Na véspera do último dia 14 de julho de Emmanuel Macron no Eliseu, o chefe de Estado dá as boas-vindas aos líderes da coligação internacional de voluntários em Paris. Uma sequência diplomática e militar destinada a mostrar o apoio europeu à Ucrânia e a enviar um sinal à Rússia.
Publicado
Tempo de leitura: 2 minutos
Na véspera do 14 de julho, Emmanuel Macron assume o papel que lhe agrada particularmente: o de diplomata. O presidente francês recebeu Volodymyr Zelenskiy na tarde desta segunda-feira, 13 de julho, bem como pelo menos 25 chefes de estado e de governo no Hôtel des Invalides, em Paris, para uma reunião de “coalizão internacional de lã”. Esta coligação une hoje 35 países, em breve 37, que apoiam ativamente a Ucrânia e preparam condições para uma paz duradoura após a sua assinatura. O objetivo é especialmente definir “garantias de segurança”, com o possível envio de tropas para países próximos da Ucrânia.
Esta iniciativa franco-britânica, no entanto, continua dependente da boa vontade dos dois países beligerantes. Num futuro próximo, o desafio é acima de tudo enviar um “Uma poderosa mensagem de apoio à Ucrânia e um despertar estratégico” da Europa contra a Rússia, segundo Eliseu. Emmanuel Macron e os seus aliados também esperam aumentar a pressão sobre Moscovo numa altura em que o exército ucraniano beneficia de uma dinâmica favorável no terreno. O Ocidente quer pressionar Vladimir Putin a aceitar um cessar-fogo.

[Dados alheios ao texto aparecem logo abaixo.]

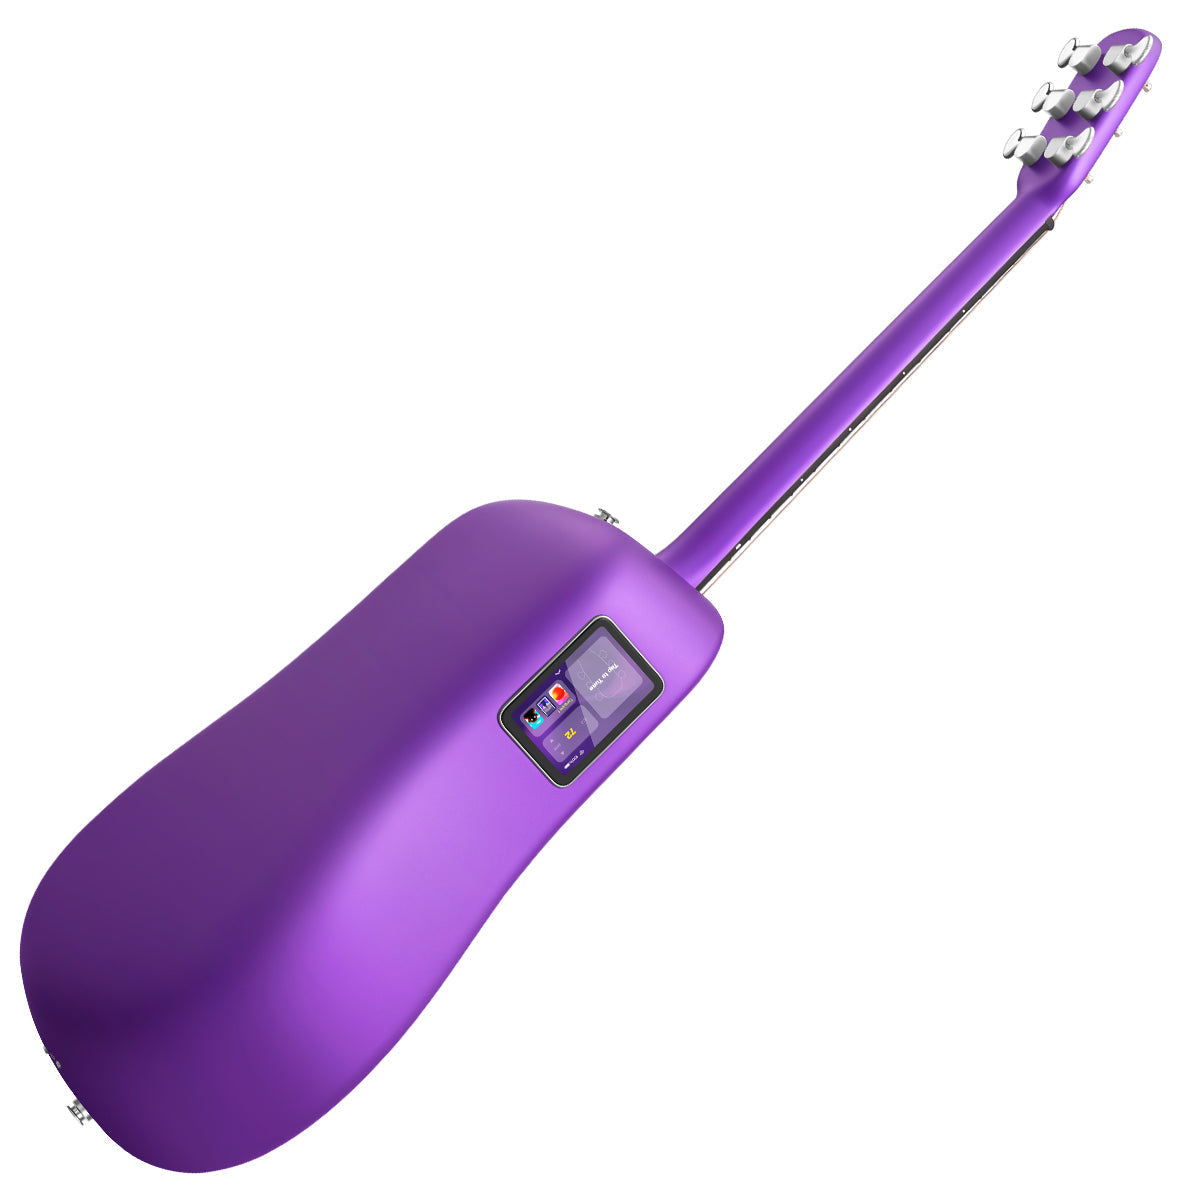 LAVA ME4 Carbon 36" with Space Bag ~ Purple, Acoustic Guitar for sale at Richards Guitars.

Além de declarações políticas, os participantes deverão discutir a produção de armas antiaéreas e de defesa antibalística pela Ucrânia. A coligação pretende também passar para uma fase mais operacional, organizando exercícios conjuntos entre os soldados desta futura força multinacional. Vários países dizem estar prontos para enviar tropas para ajudar a manter a paz quando chegar a hora.
Este desejo de mostrar a unidade dos Aliados será expresso na terça-feira, durante o desfile de 14 de julho. Cerca de 500 soldados estrangeiros desfilarão na Champs Elysees ao lado das tropas francesas. Os suecos, eslovacos, britânicos, romenos, austríacos, alemães, polacos, australianos e canadianos avançarão lado a lado, enquanto um grupo de 25 soldados ucranianos ficará na retaguarda. Vários aviões de diferentes nacionalidades participarão do desfile e alguns helicópteros serão equipados com armas fictícias, uma novidade.
O Eliseu representa assim um desfile “enorme” etc. “histórico” para este último 14 de julho da era Emmanuel Macron. Os números apresentados testemunham esta ambição: um recorde de 6.800 desfiles a pé e um terço a mais de veículos e aviões em relação aos anos anteriores. Esta demonstração de força deverá permitir ao presidente mostrar que está no comando, como líder dos exércitos franceses, mas também, potencialmente, à frente de uma coligação maior.
Uma questão permanece: será esta demonstração de poder nos Campos Elísios suficiente para impressionar Vladimir Putin ou persuadi-lo a aceitar a paz? Nada é menos certo. Porque, até agora, nenhum dos países membros desta coligação enviou soldados para participarem diretamente na guerra na Ucrânia.